§ ACTIVITY
Keep the images out while you set down the data exactly.

§ SOURCE MATERIAL
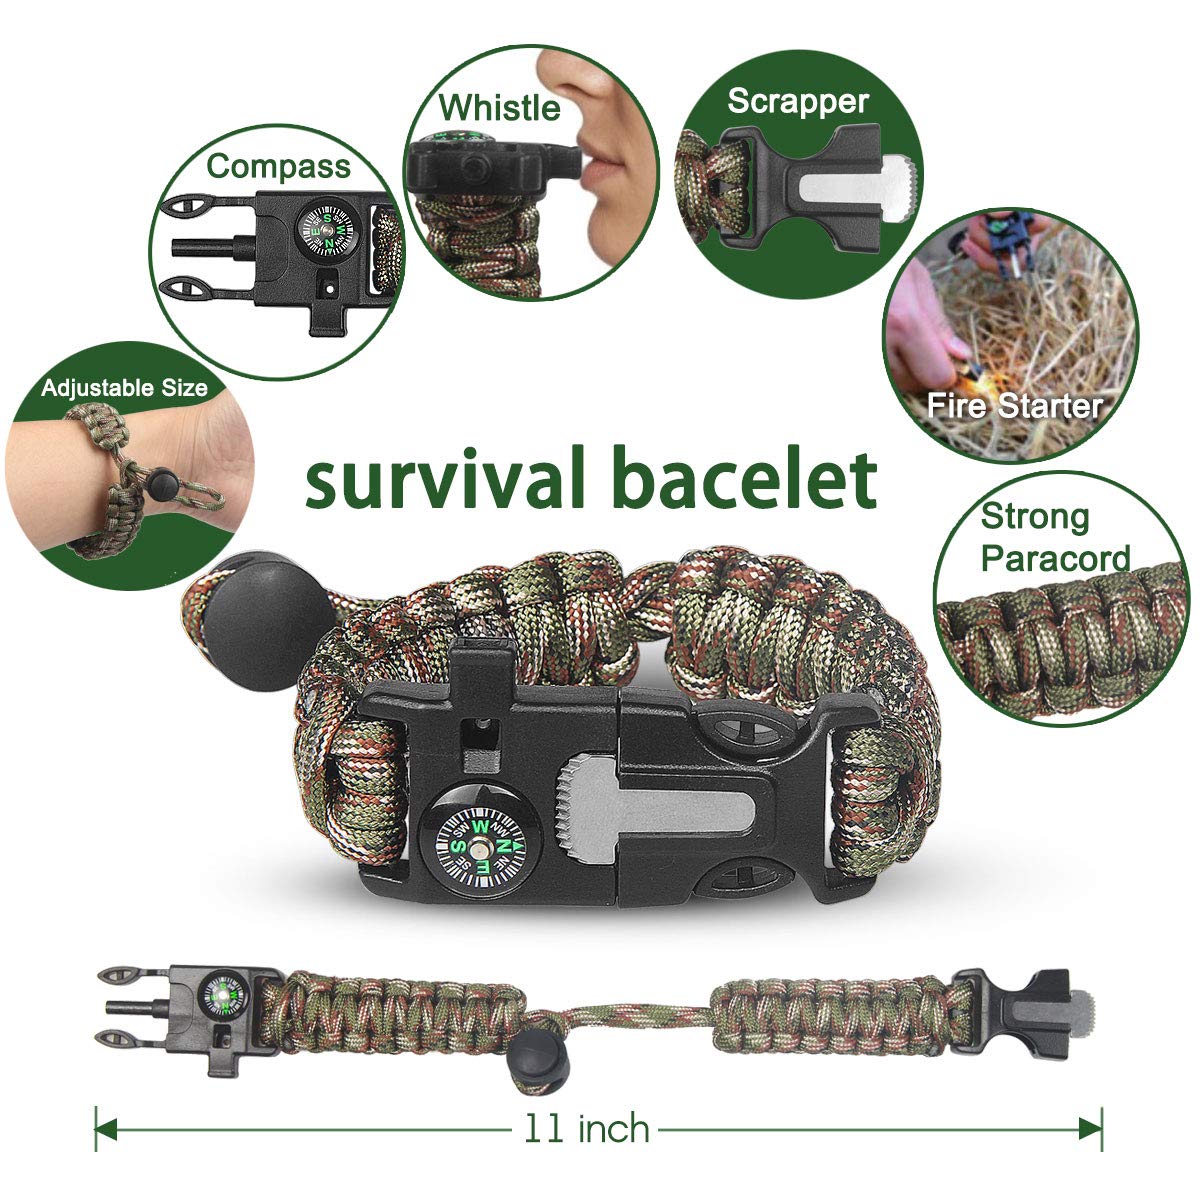 VF DONGFANG Survival kit,12in1 Survival Gear Gift for Him Men
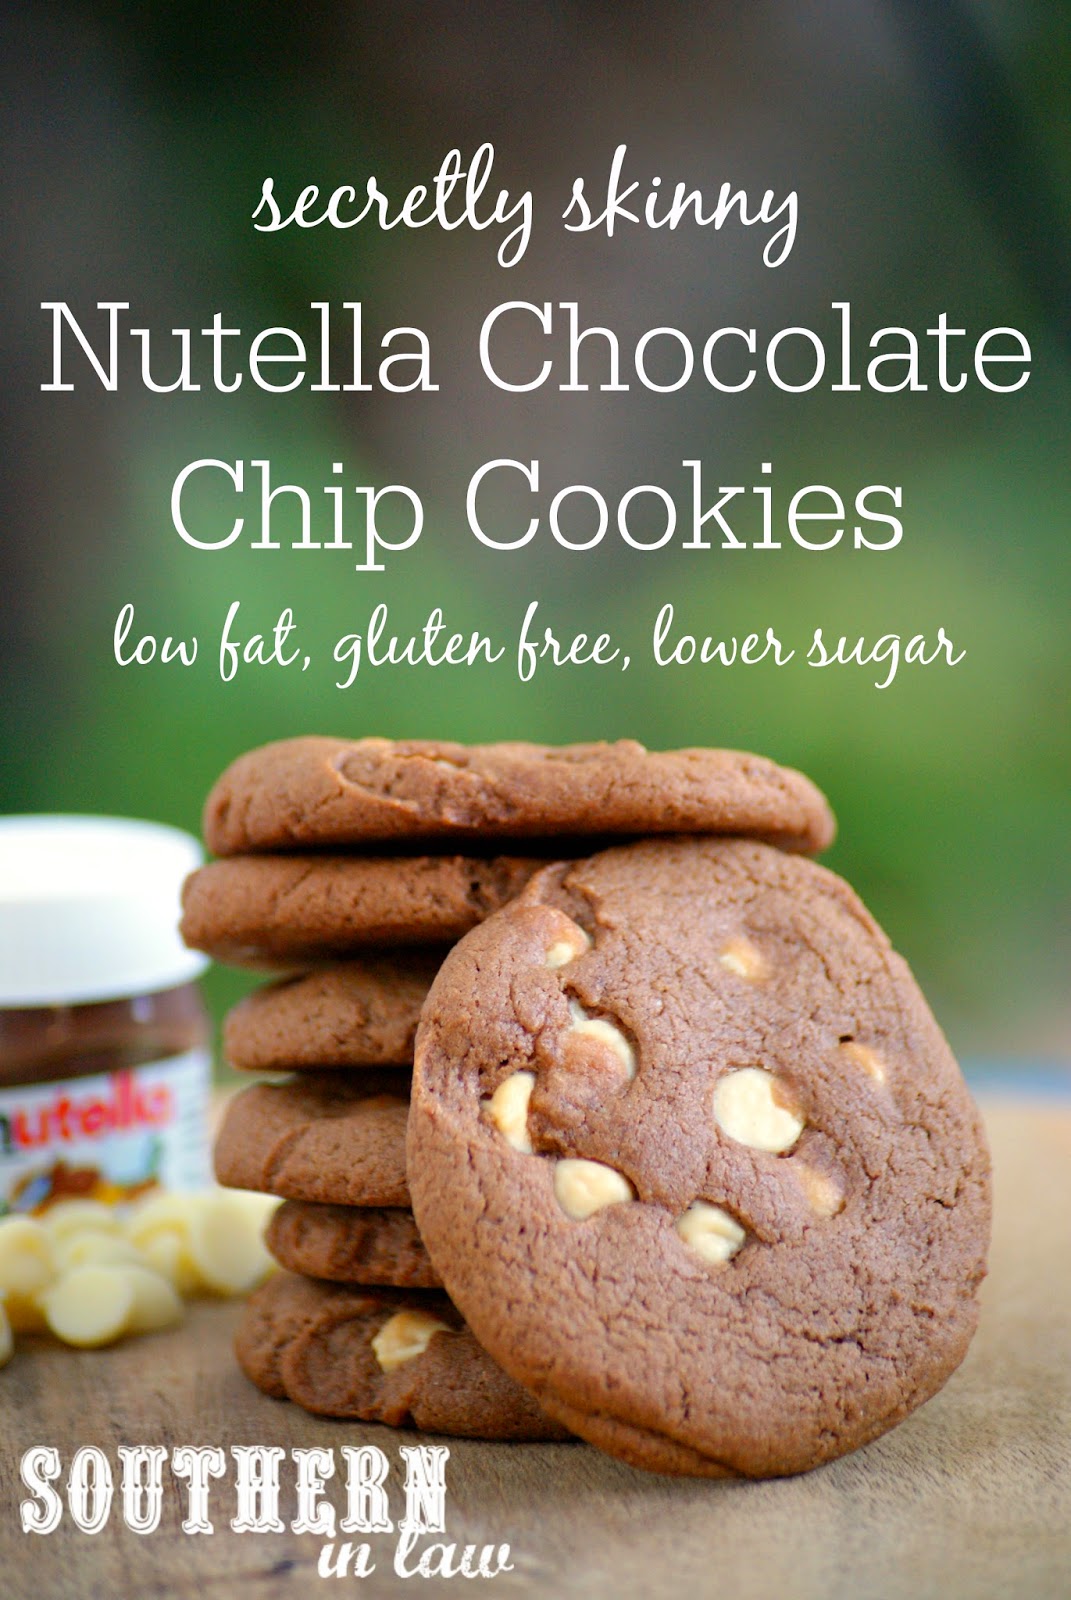 Secretly Skinny Gluten Free Nutella Chocolate Chip Cookie Recipe - low fat, gluten free, lower sugar
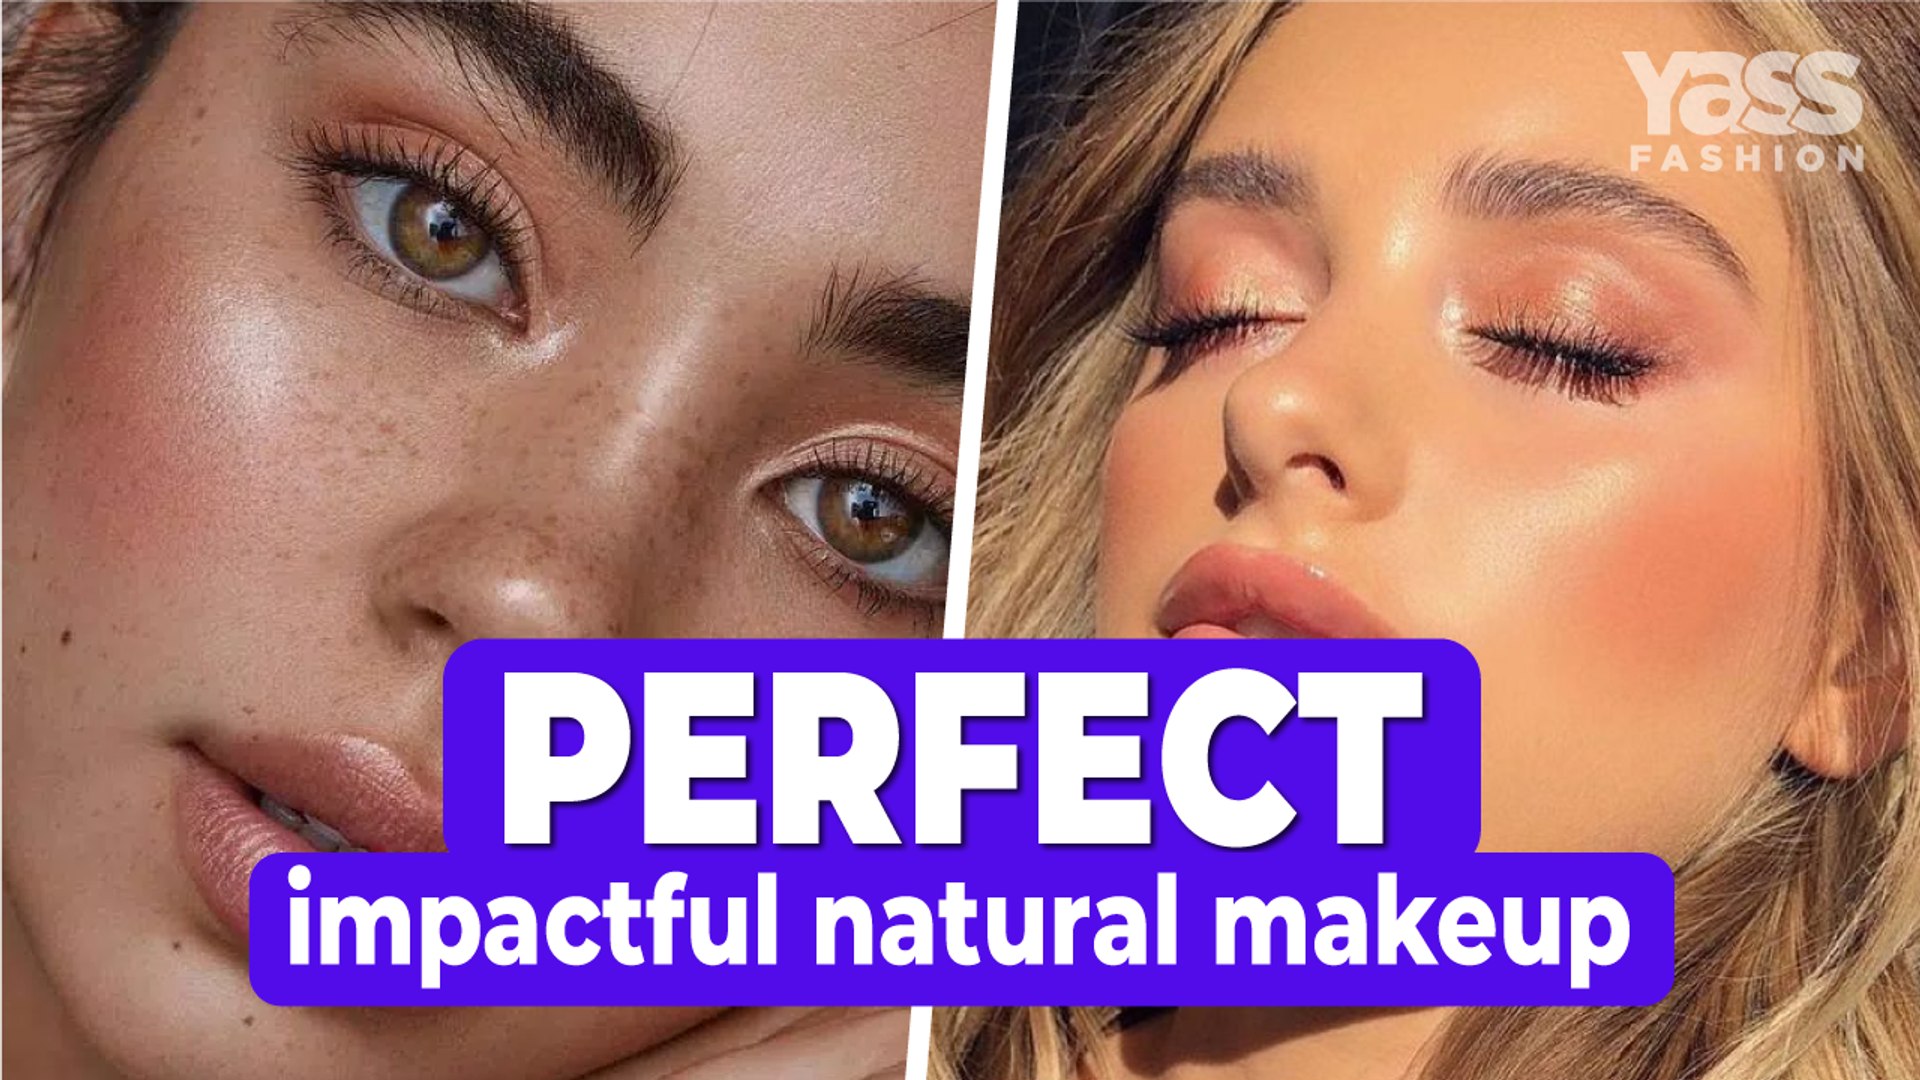 Perfect and impactful natural makeup

§ RESPONSE AREA
 VF DONGFANG Survival kit,12in1 Survival Gear Gift for Him Men
 Secretly Skinny Gluten Free Nutella Chocolate Chip Cookie Recipe - low fat, gluten free, lower sugar
 Perfect and impactful natural makeup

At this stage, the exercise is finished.